The concrete mixer sat in the corner like an old friend, but now shared the room with a couple of other things.
The oven had been constructed along the opposite wall, a metal chamber about three metres on each side, with a glass window on the door. It was basically a large toaster oven with no shelves, the heating elements set on the back and side walls from about a third of the way up. There was also a vent fitted into the bottom left side wall that would blow a supply of cold air along the floor of the oven – the idea was that this would keep the person lying there at a survivable temperature while the heat of the oven rose up above them, baking the bread.
Next to the oven was a freaky contraption consisting of several long jigsaw blades suspended from a machine rail running over the space where the baked loaf would be placed for slicing. The blades were set to retract slightly into the machine once they had entered the loaf, passing over the person lying at the bottom and dropping back down when the loaf was fully cut through.

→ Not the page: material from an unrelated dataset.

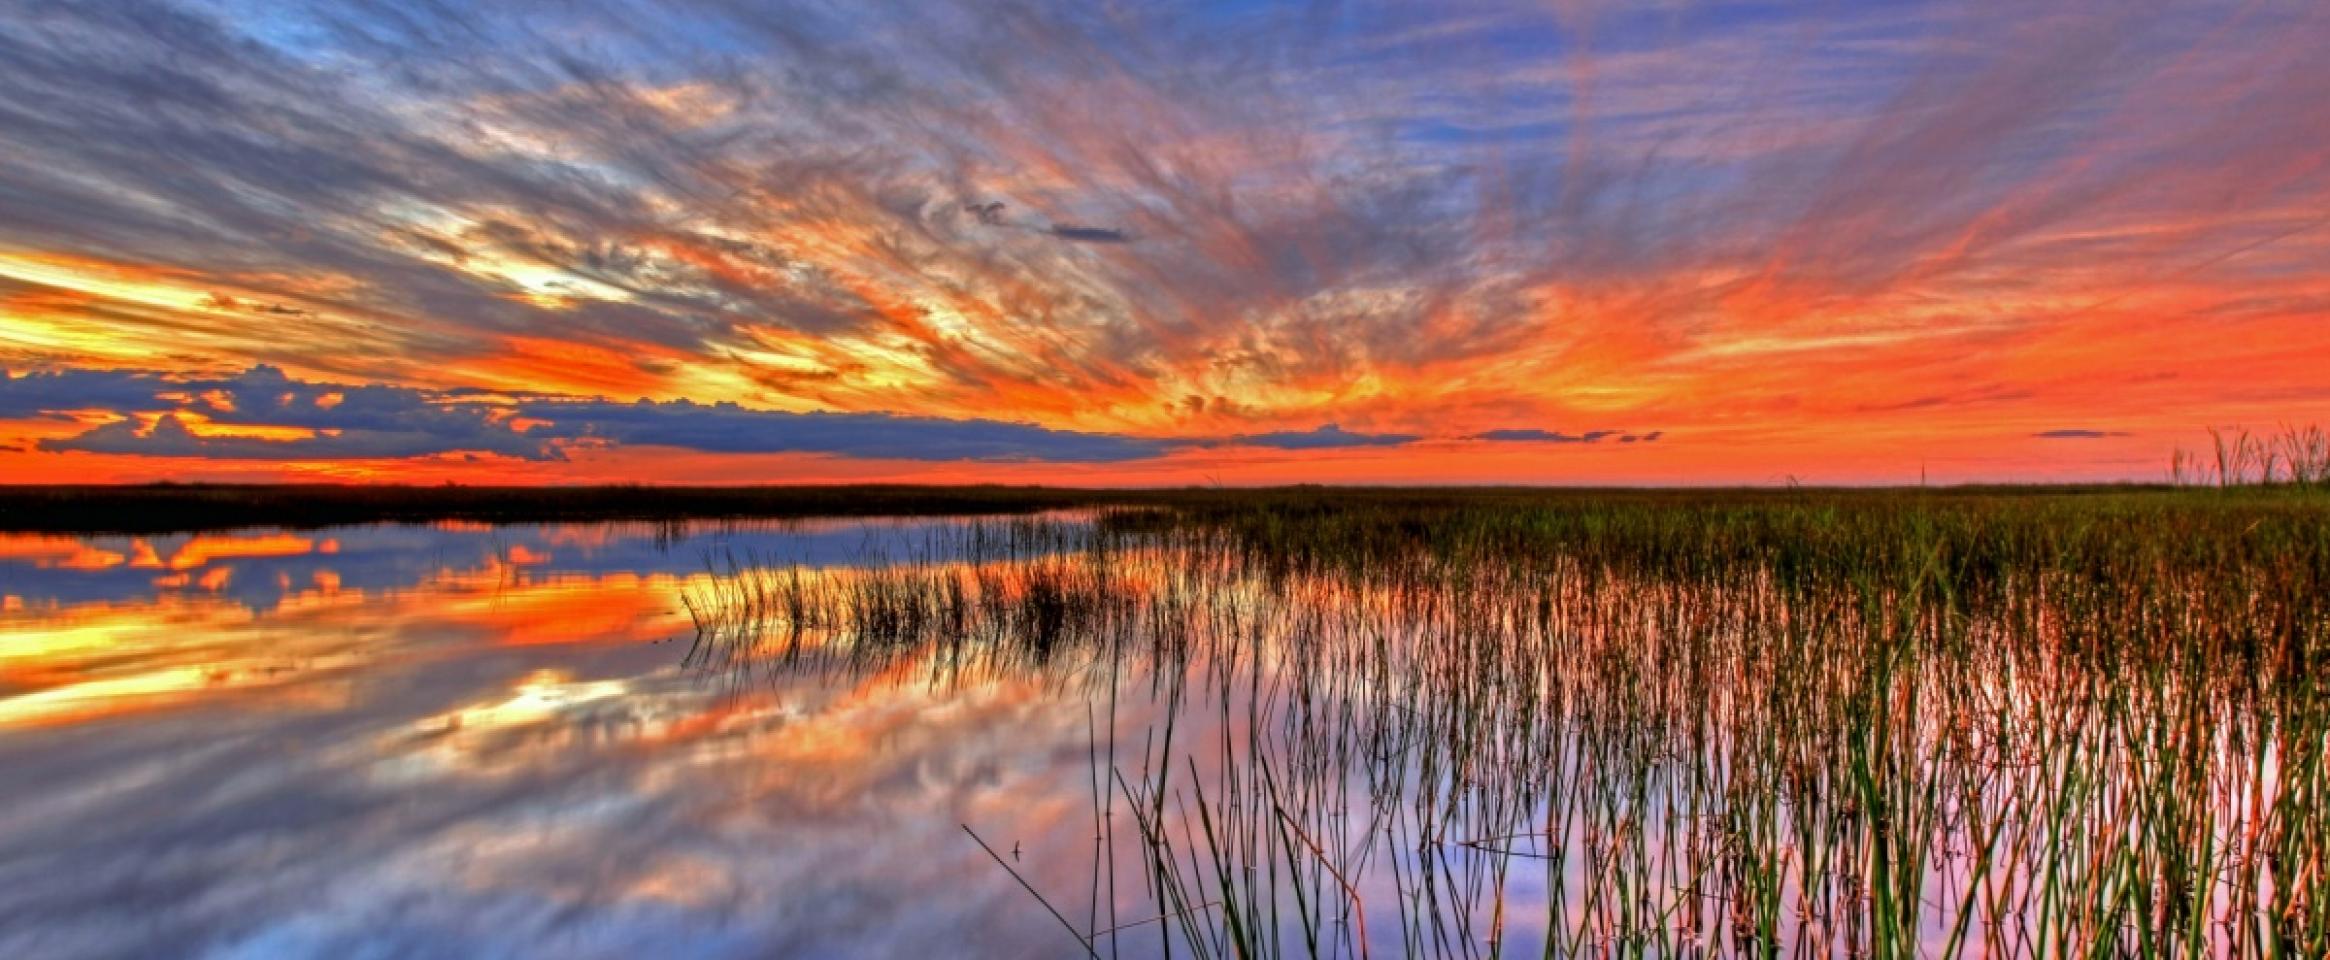 A dazzling sunset with lights and clouds shining over a wide grassy wetland in the Everglades. (Credit: G. Gardner/National Park Service)

The final piece of the set was the baking tin, about the size of a tin bath with an insulated wheeled base and sides designed to unclip when the loaf had been baked, exposing the bread. The ends of the tin had holes cut in them, so the victim's head and feet came out either end. While Craig and Rebecca went to measure out the quantities of ingredients for the bread mixture I lay down in the tin to try it for size, it was quite snug in there.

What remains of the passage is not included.